БАРТОЛО. Ну, я бы уже двадцать раз от него отделался!
МАРСЕЛИНА. Каким образом?
БАРТОЛО. Да очень просто – выйдя за него замуж!
МАРСЕЛИНА. Злой и глупый насмешник, что ж вы от меня-то
БАРТОЛО. Вы что ж, нарочно меня выписали из Севильи, чтобы я выслушивал весь этот вздор? Экая у вас страсть к Гименею!
__
Если кому-нибудь покажется, что эти два фрагмента мало отличаются друг от друга, пусть попробует прочитать вслух сперва один, потом другой. Или вот ещё – чудесная сцена.
У Любимова.
АНТОНИО. Ваше сиятельство! Ваше сиятельство!
ГРАФ. Что тебе, Антонио?
АНТОНИО. Прикажите, наконец, забрать решётками те окна, что выходят в сад. Из этих окон вечно выбрасывают всякую-то всячину, а нынче ещё лучше: целого мужчину выбросили.
ФИГАРО. Ваше сиятельство! Он с утра пьян.
АНТОНИО. Ничуть не бывало, это ещё остаток вчерашнего… Вот что значит – рубить с плеча.

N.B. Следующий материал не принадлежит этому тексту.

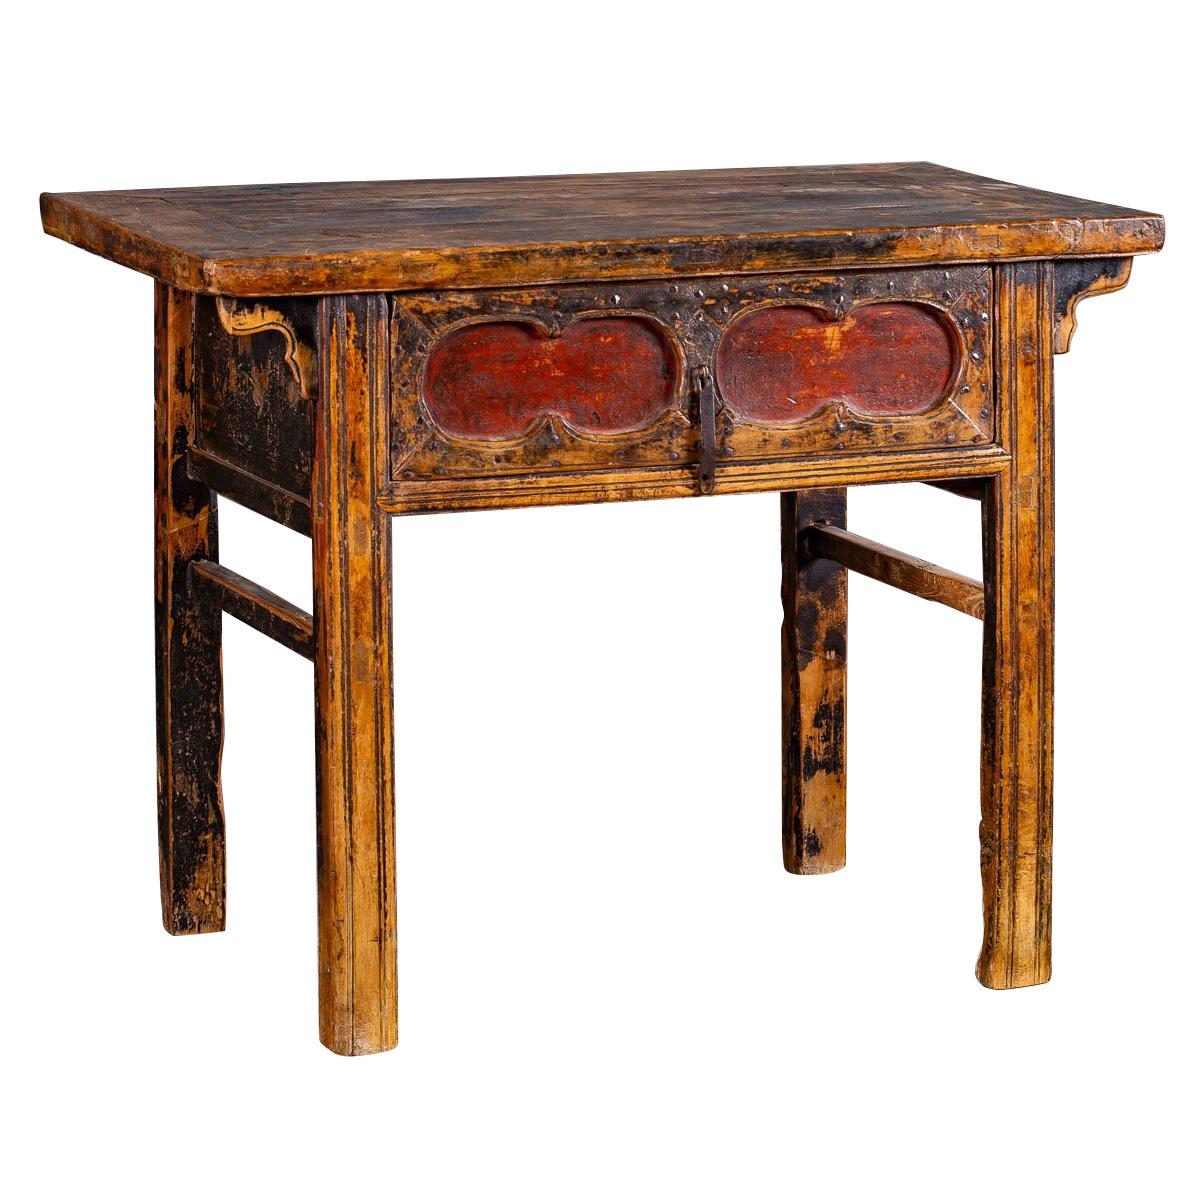 Antique Chinese Table Long Drawer Kaung Hsu Period circa 1875 For Sale

ГРАФ. Где же он, где же он, этот мужчина?
АНТОНИО. Где он?
ГРАФ. Да, где?
АНТОНИО. Я про то и спрашиваю. Пусть мне его во что бы то ни стало поймают. Я ваш слуга, вы мне доверили ваш сад, туда упал человек, так что вы понимаете – тут задета моя честь.
У Чудинова.
АНТОНИО. Ваше сиятельство! Ваше сиятельство!
ГРАФ. Что тебе, Антонио?
АНТОНИО. Да прикажите же повесить решётки вон на те на окна над моими грядками! Вечно швыряют оттуда всякую дрянь… вон – только что выбросили человека!
ФИГАРО. Ваше сиятельство! Да он с утра пьян!
АНТОНИО. Ничего подобного! Это ещё со вчера не выветрилось… То-оже, берётся судить, сам не зная, чего!
ГРАФ. Подавай сюда этого человека! Где он?!
АНТОНИО. Да, где он?
ГРАФ. Это я спрашиваю – где он?
АНТОНИО. И я про то же спрашиваю. Где он? Подать нам его сюда непременно! Я ваш слуга; я забочусь, хлопочу о саде… а тут – глядь! – человек валится… Ведь тут оно того… тут задета моя репутация!
Убей меня Бог, но в первом отрывке Антонио трезв, как стёклышко, чего не скажешь об Антонио из второго отрывка. При этом второй Антонио – более остроумный и более здравомыслящий. Вот – смотрите дальше:
Любимов
АНТОНИО. Стало быть, вы раздались за это время: давеча вы были щупленький и куда меньше ростом!
ФИГАРО. Ну, понятно: когда прыгаешь, всегда поджимаешься.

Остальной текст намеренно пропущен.